[DIRECTIONS] The expected output is an exact copy of each line from the line with "Bosch Batteria per" through the end of the data below, with no pictures in it.

EXERCISE DATA section start

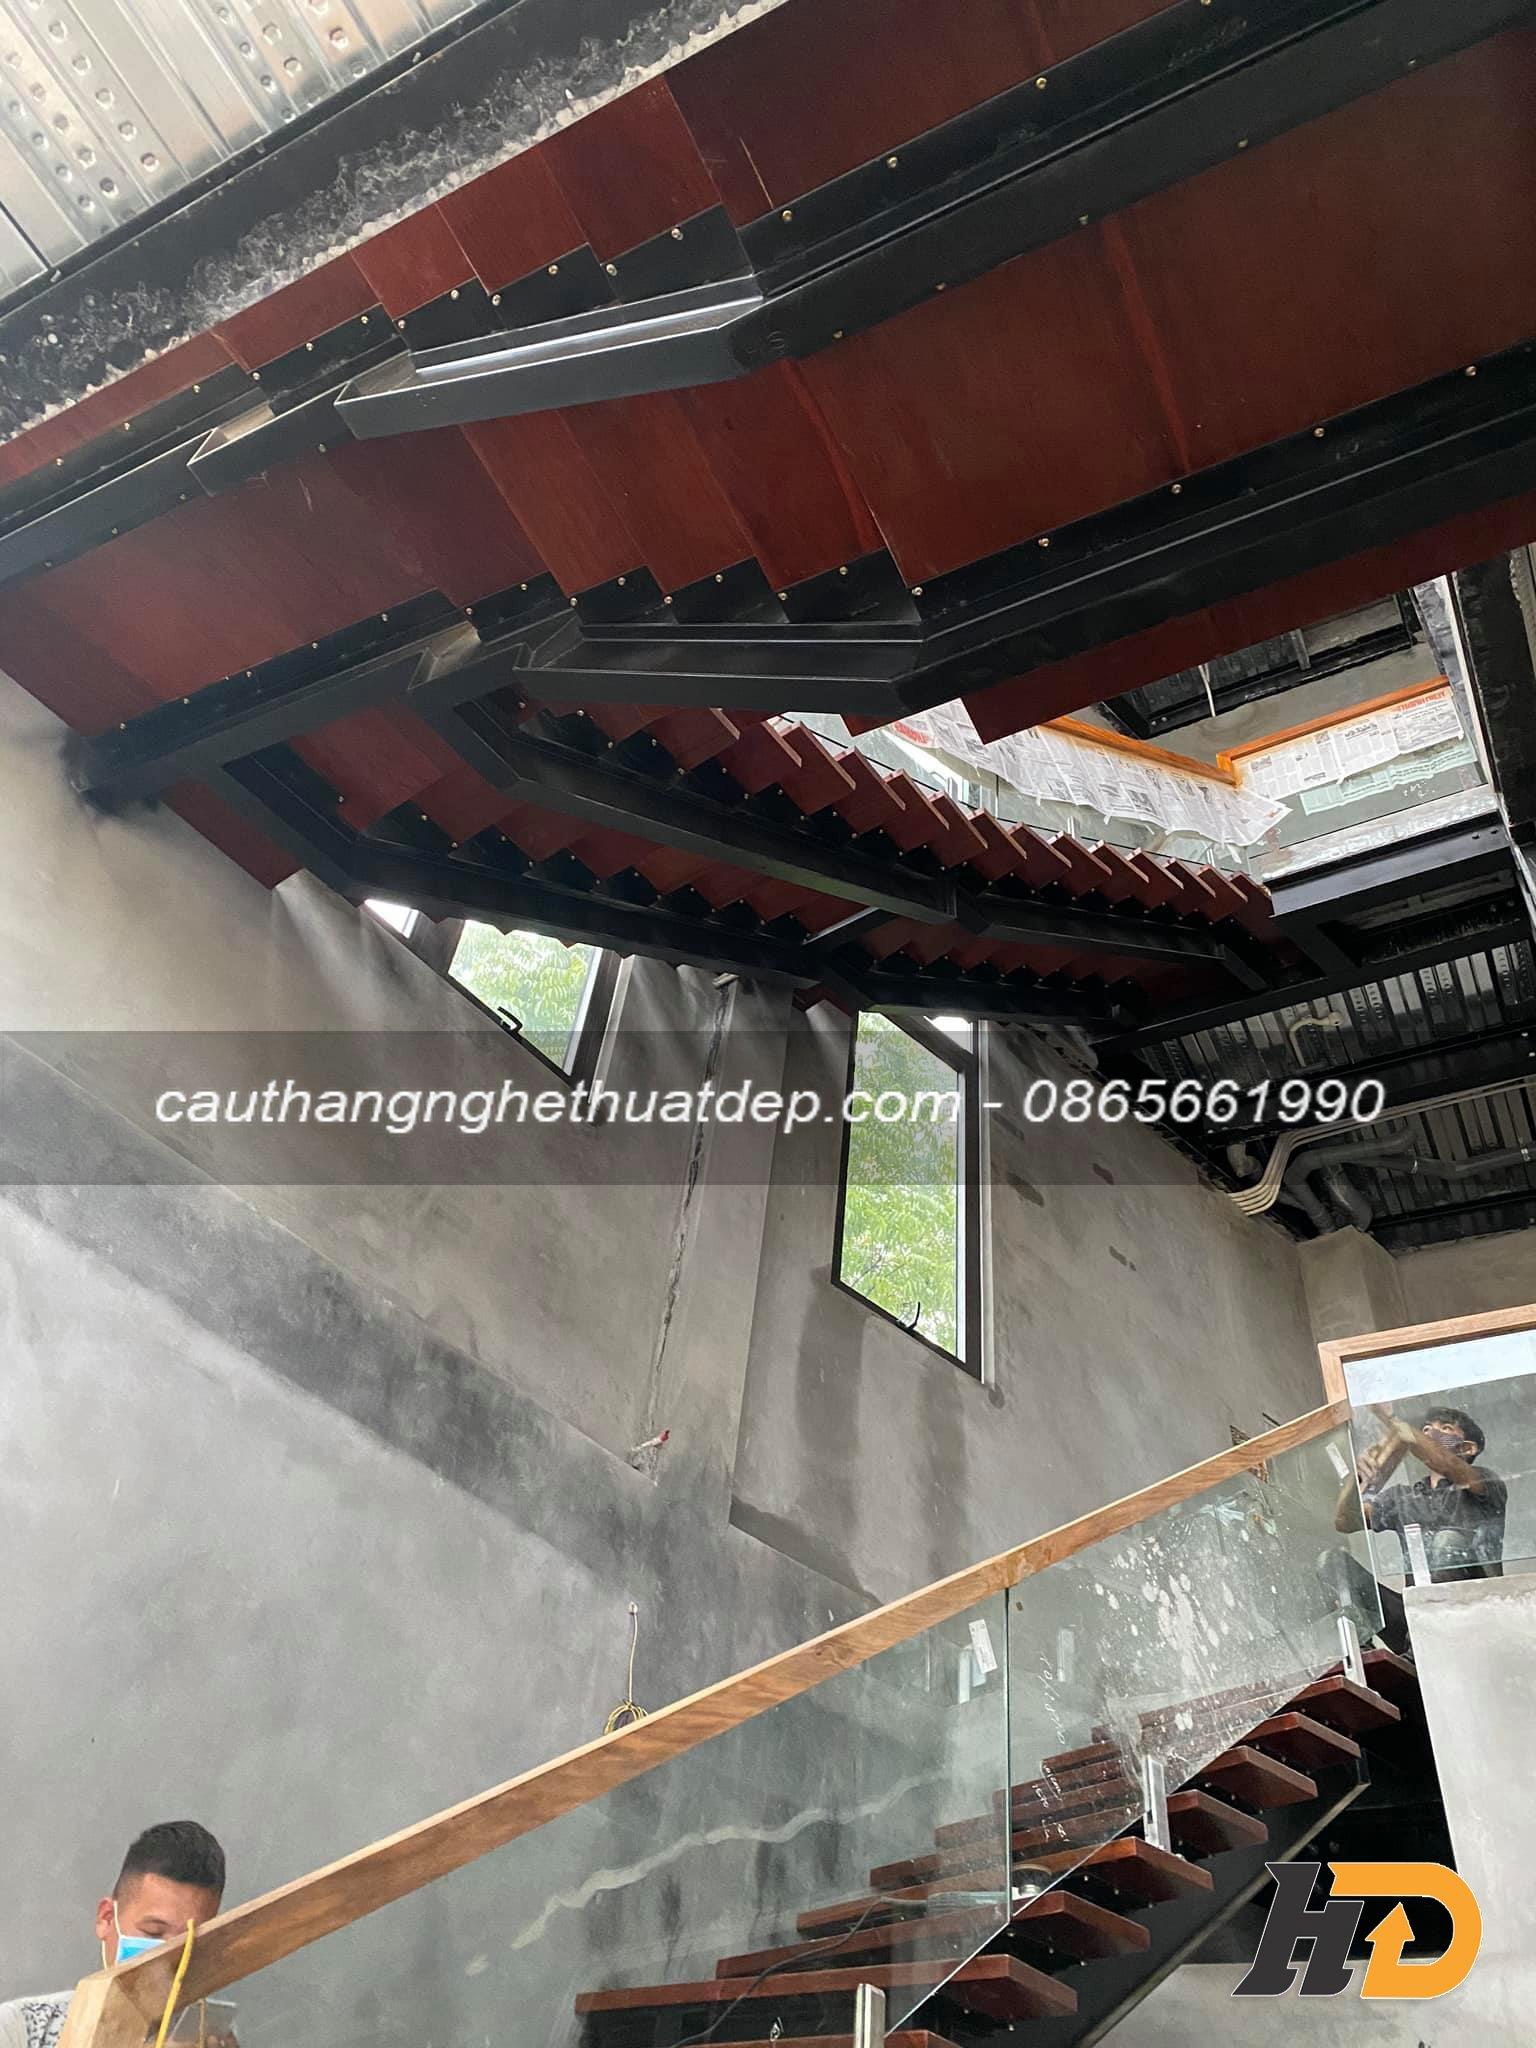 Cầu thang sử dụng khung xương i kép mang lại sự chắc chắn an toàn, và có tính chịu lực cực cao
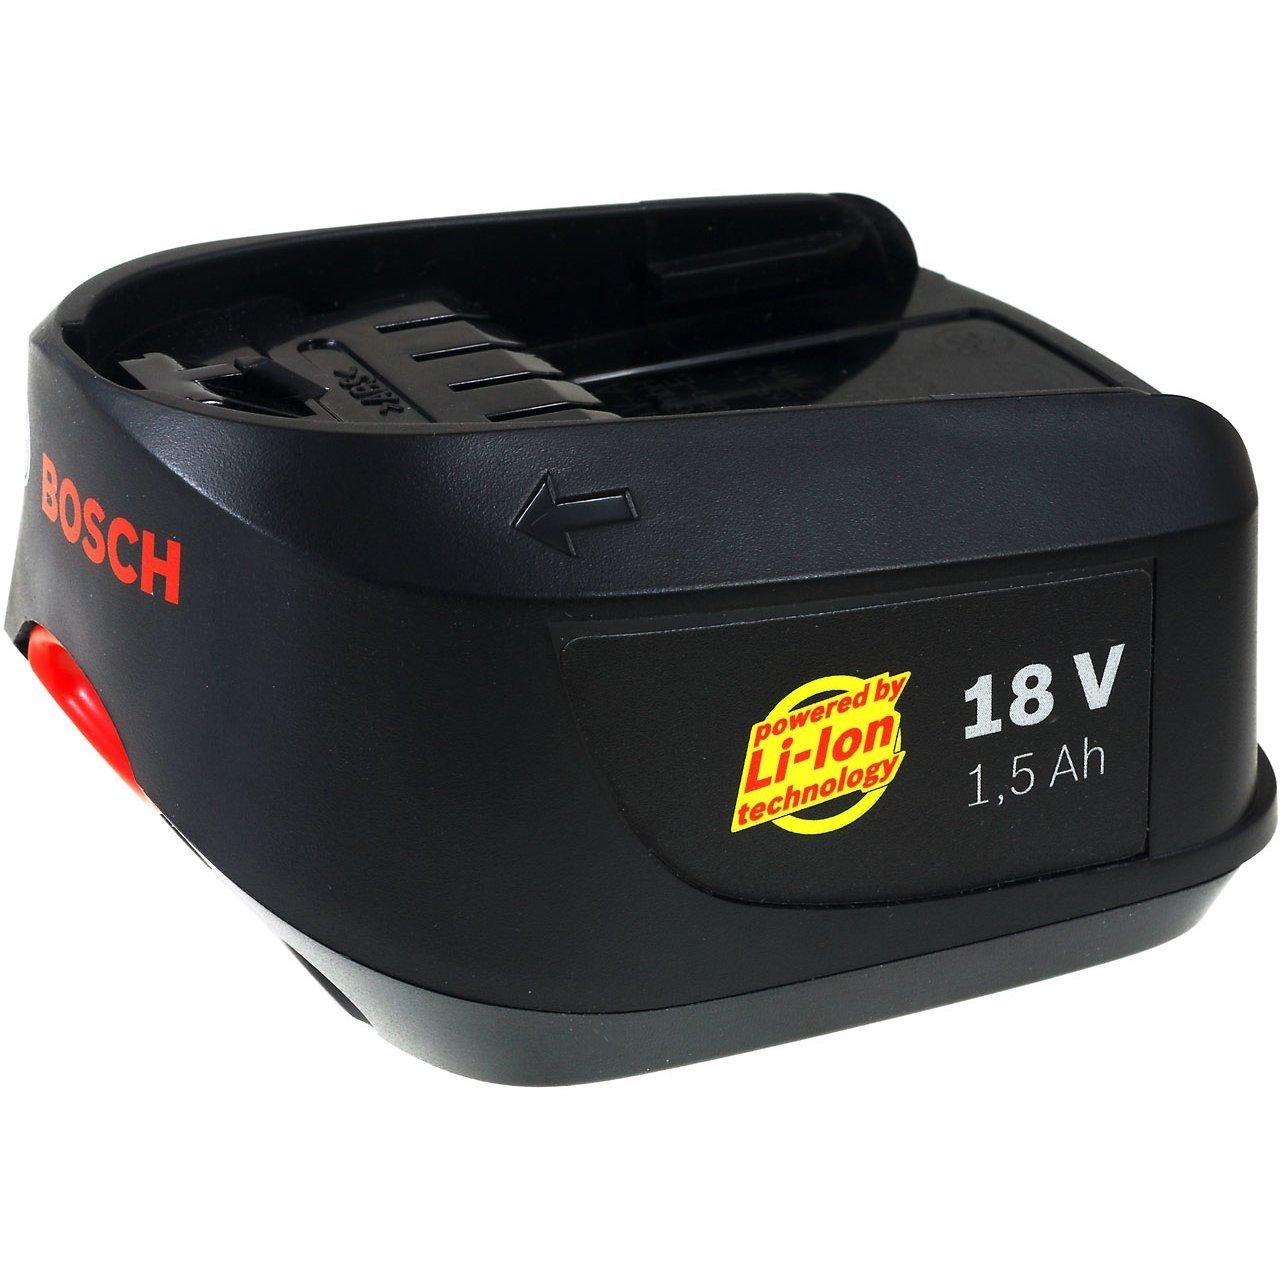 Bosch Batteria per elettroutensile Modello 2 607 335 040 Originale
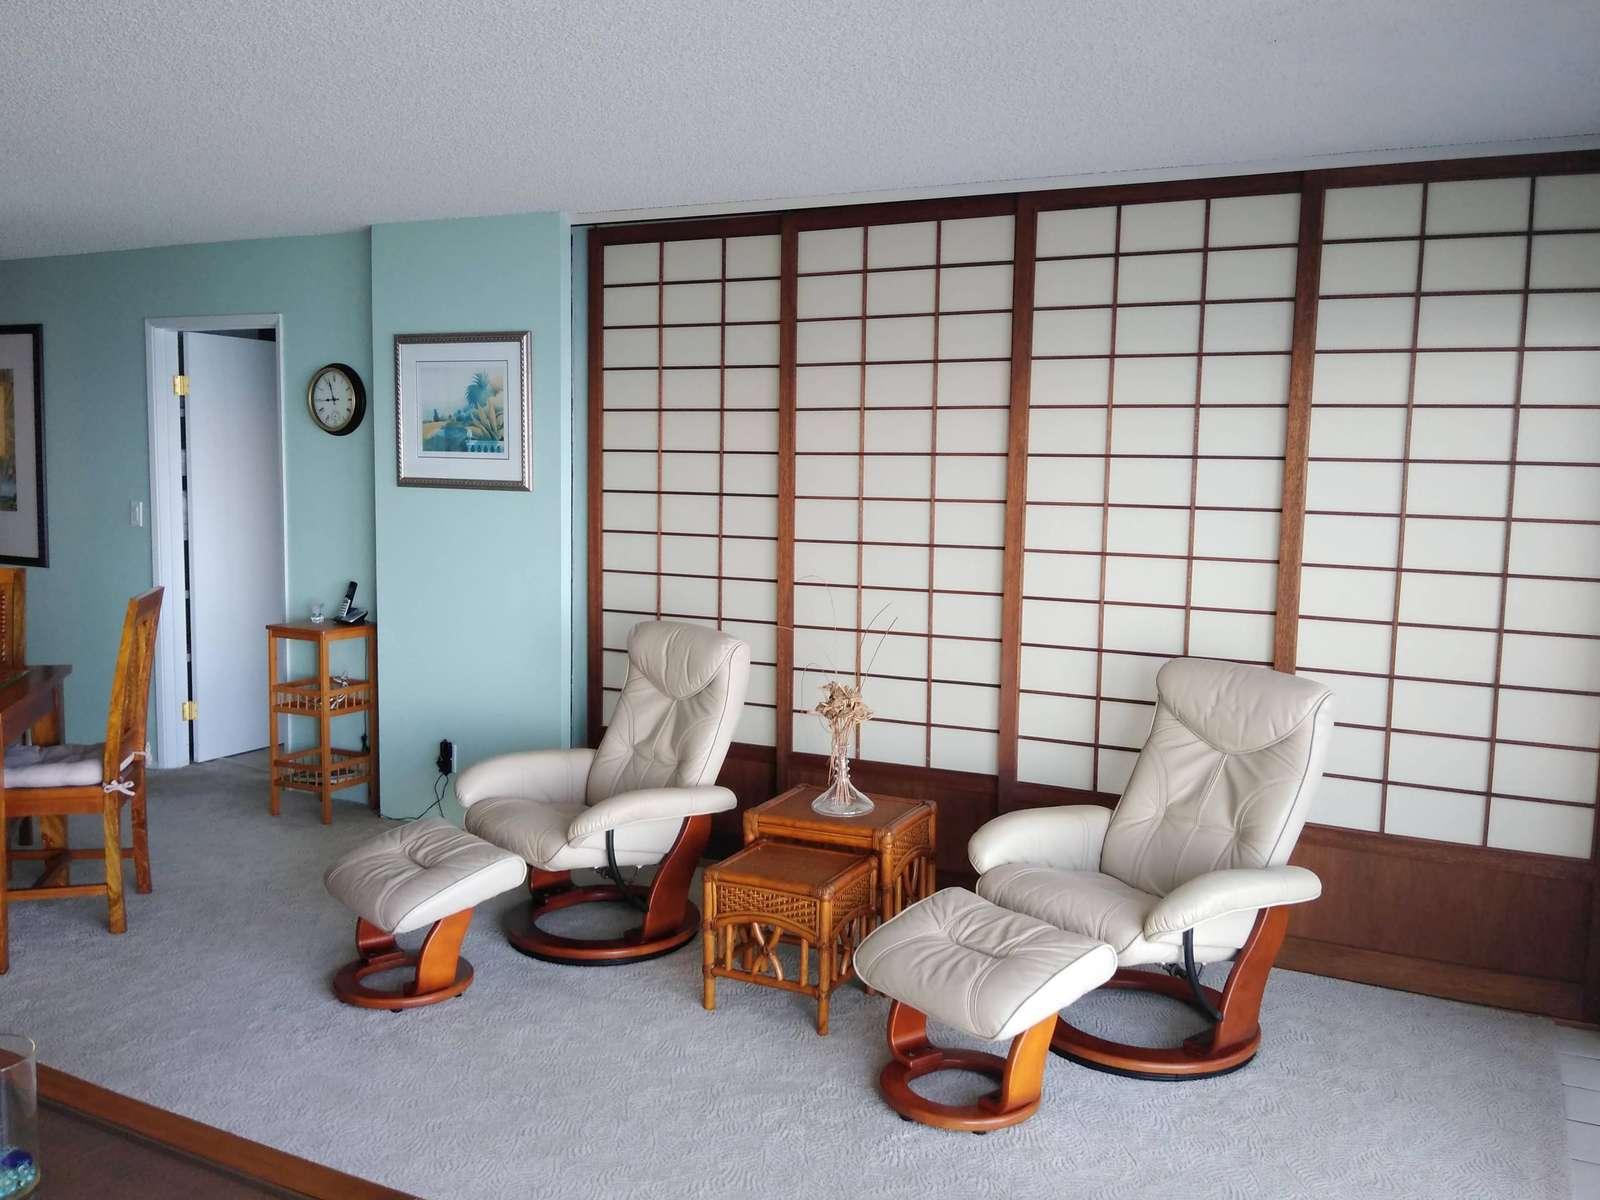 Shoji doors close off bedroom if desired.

EXERCISE DATA section end

[SOLUTION FOR THIS EXERCISE]
 Bosch Batteria per elettroutensile Modello 2 607 335 040 Originale
 Shoji doors close off bedroom if desired.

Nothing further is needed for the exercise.